◆ Data shown
--- START ---

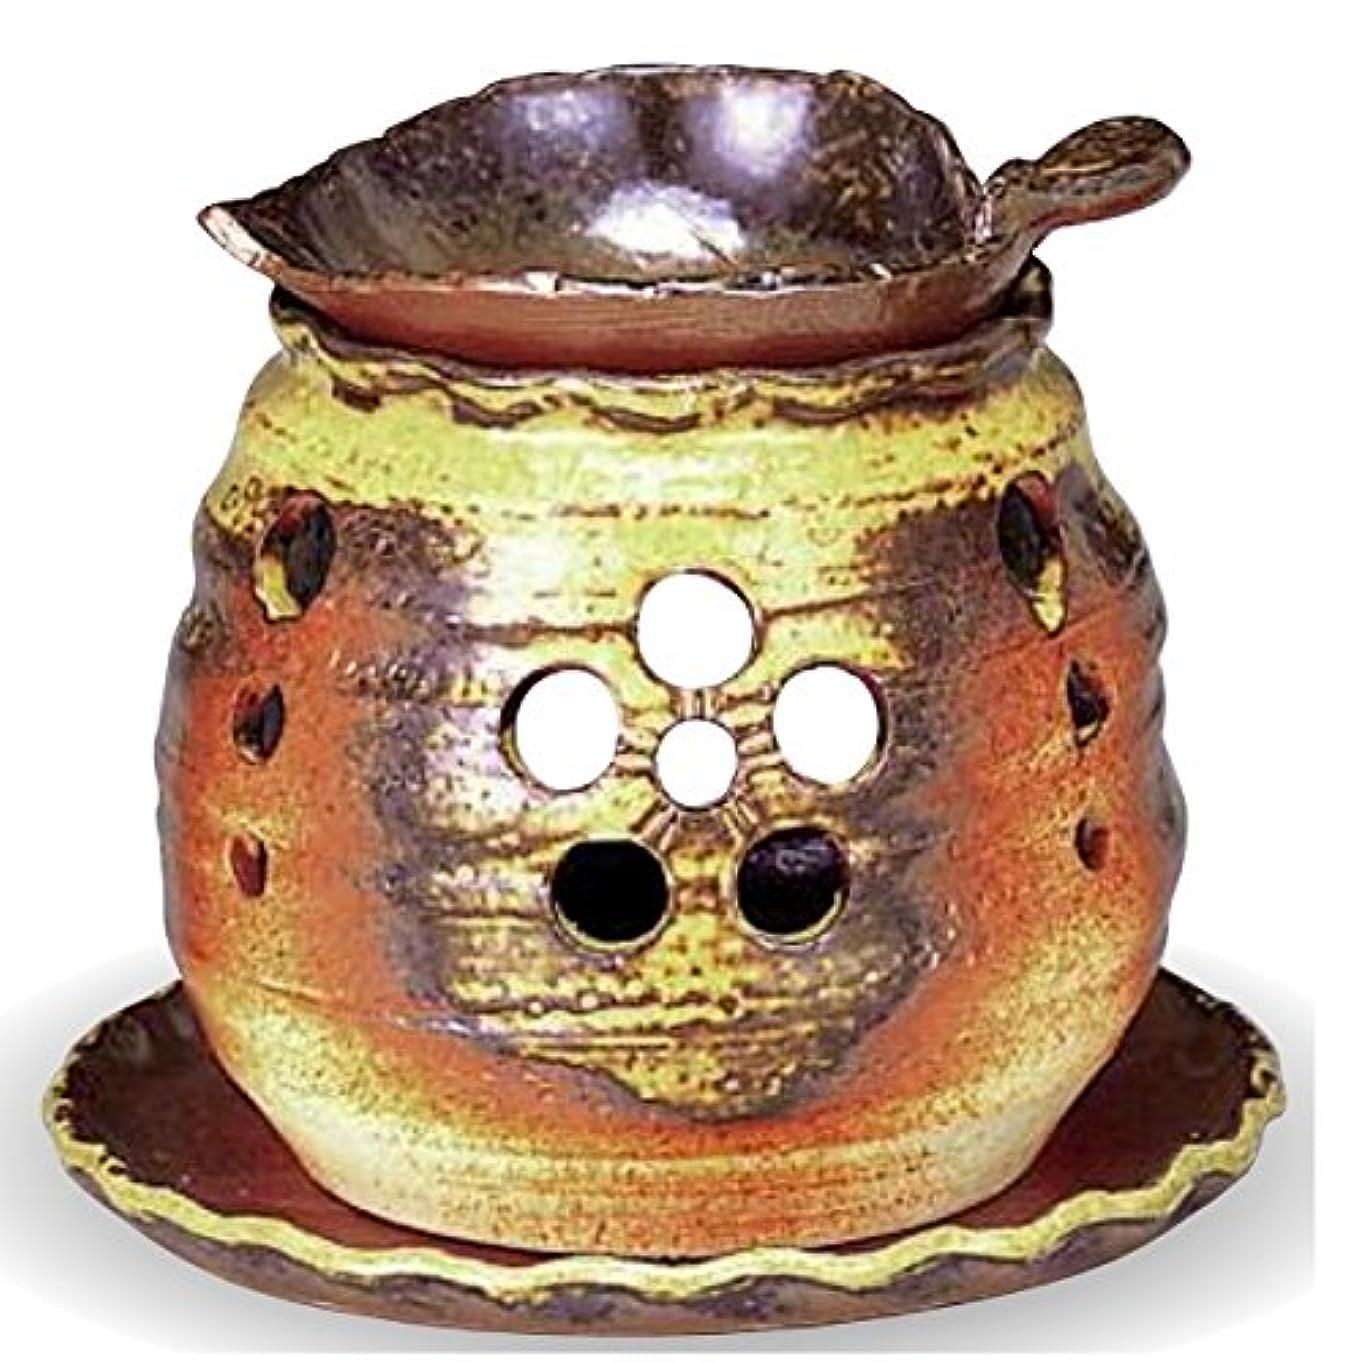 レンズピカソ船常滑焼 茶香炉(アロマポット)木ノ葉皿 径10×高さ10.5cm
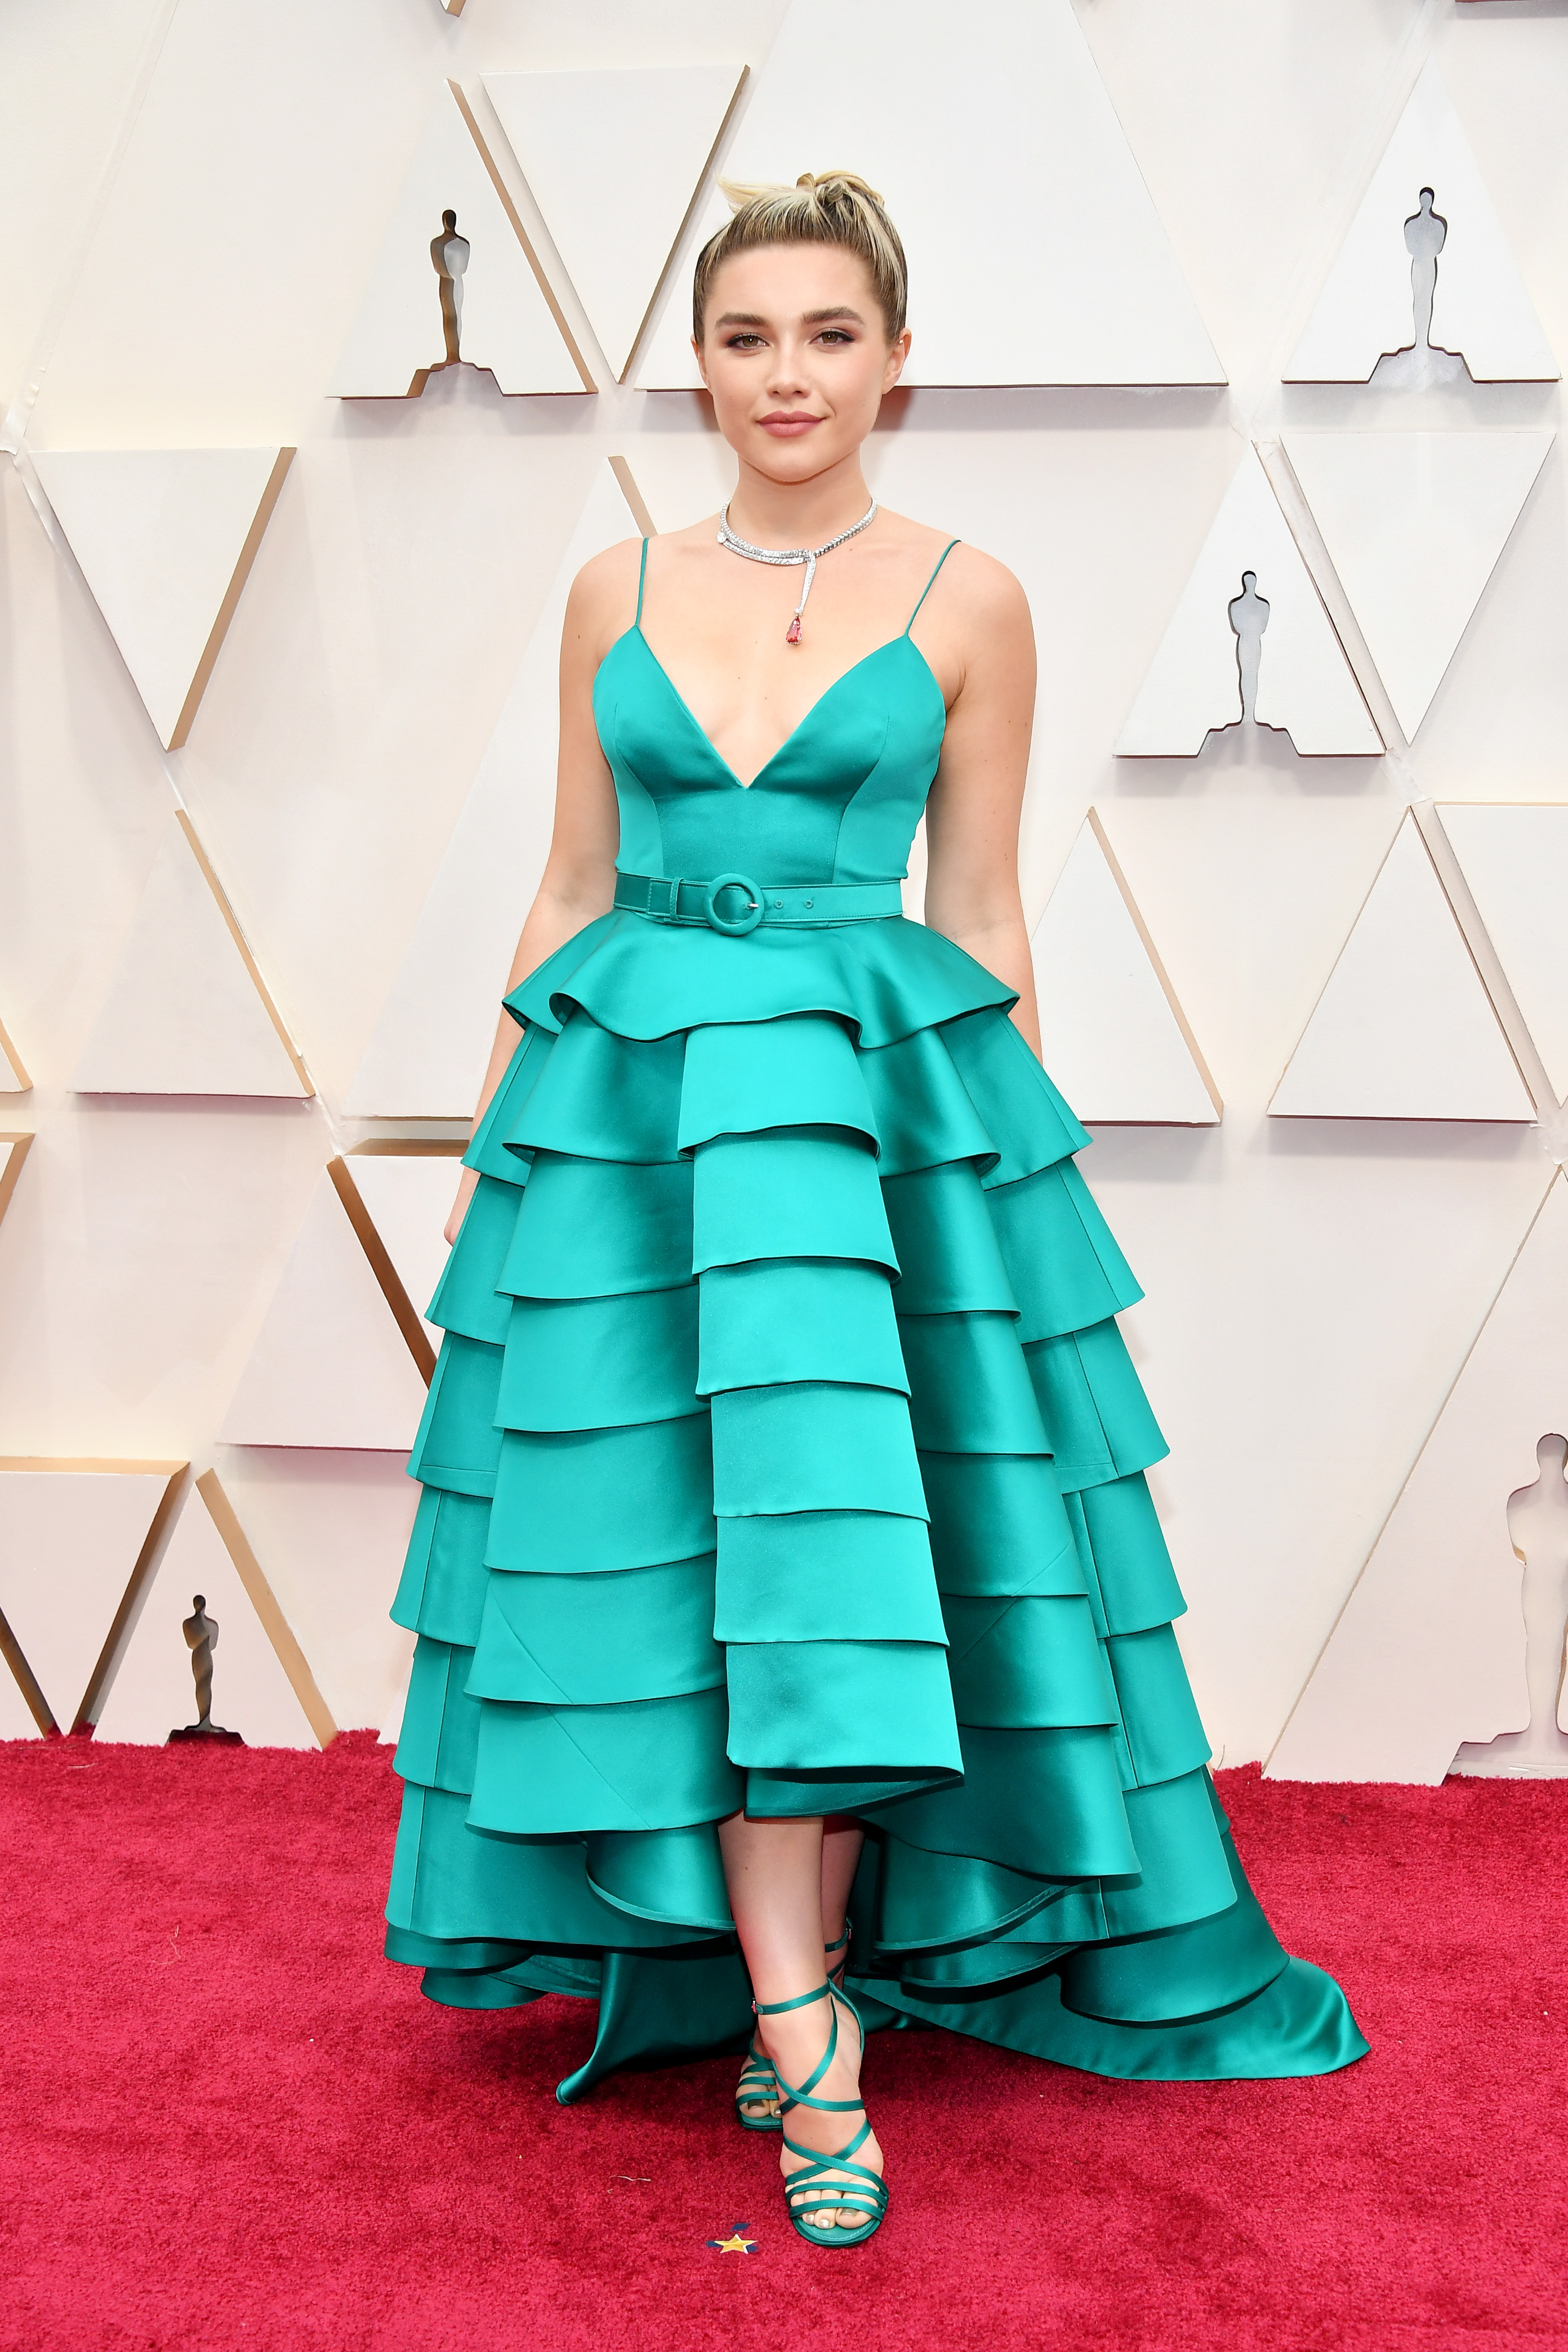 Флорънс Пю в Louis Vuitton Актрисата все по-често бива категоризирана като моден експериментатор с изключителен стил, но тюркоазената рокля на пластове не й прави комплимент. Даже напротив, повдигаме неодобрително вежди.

--- END ---
--- START ---

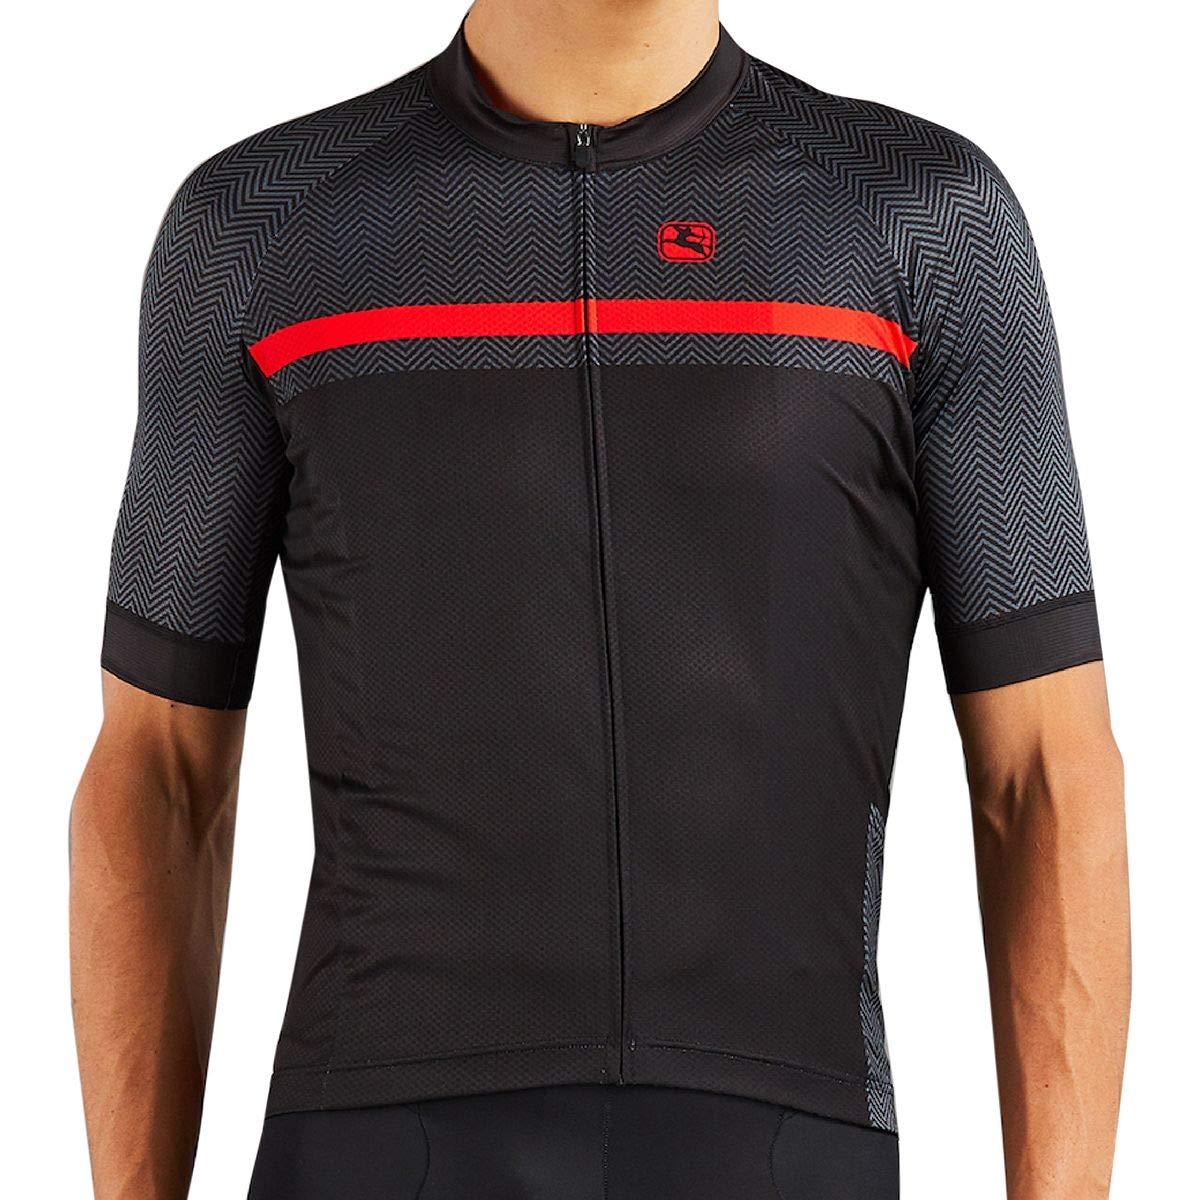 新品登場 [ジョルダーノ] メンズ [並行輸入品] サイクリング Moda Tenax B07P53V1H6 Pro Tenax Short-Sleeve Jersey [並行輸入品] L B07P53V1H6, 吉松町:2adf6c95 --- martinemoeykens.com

--- END ---

◆ The task
Your copy should hold only the lines above from the one containing "レンズピカソ船常滑焼 茶香炉(アロマポット)木ノ葉皿 径10×高さ10.5cm" through the one containing "Флорънс Пю в", exactly as written and free of pictures.

◆ Your response
 レンズピカソ船常滑焼 茶香炉(アロマポット)木ノ葉皿 径10×高さ10.5cm
 Флорънс Пю в Louis Vuitton Актрисата все по-често бива категоризирана като моден експериментатор с изключителен стил, но тюркоазената рокля на пластове не й прави комплимент. Даже напротив, повдигаме неодобрително вежди.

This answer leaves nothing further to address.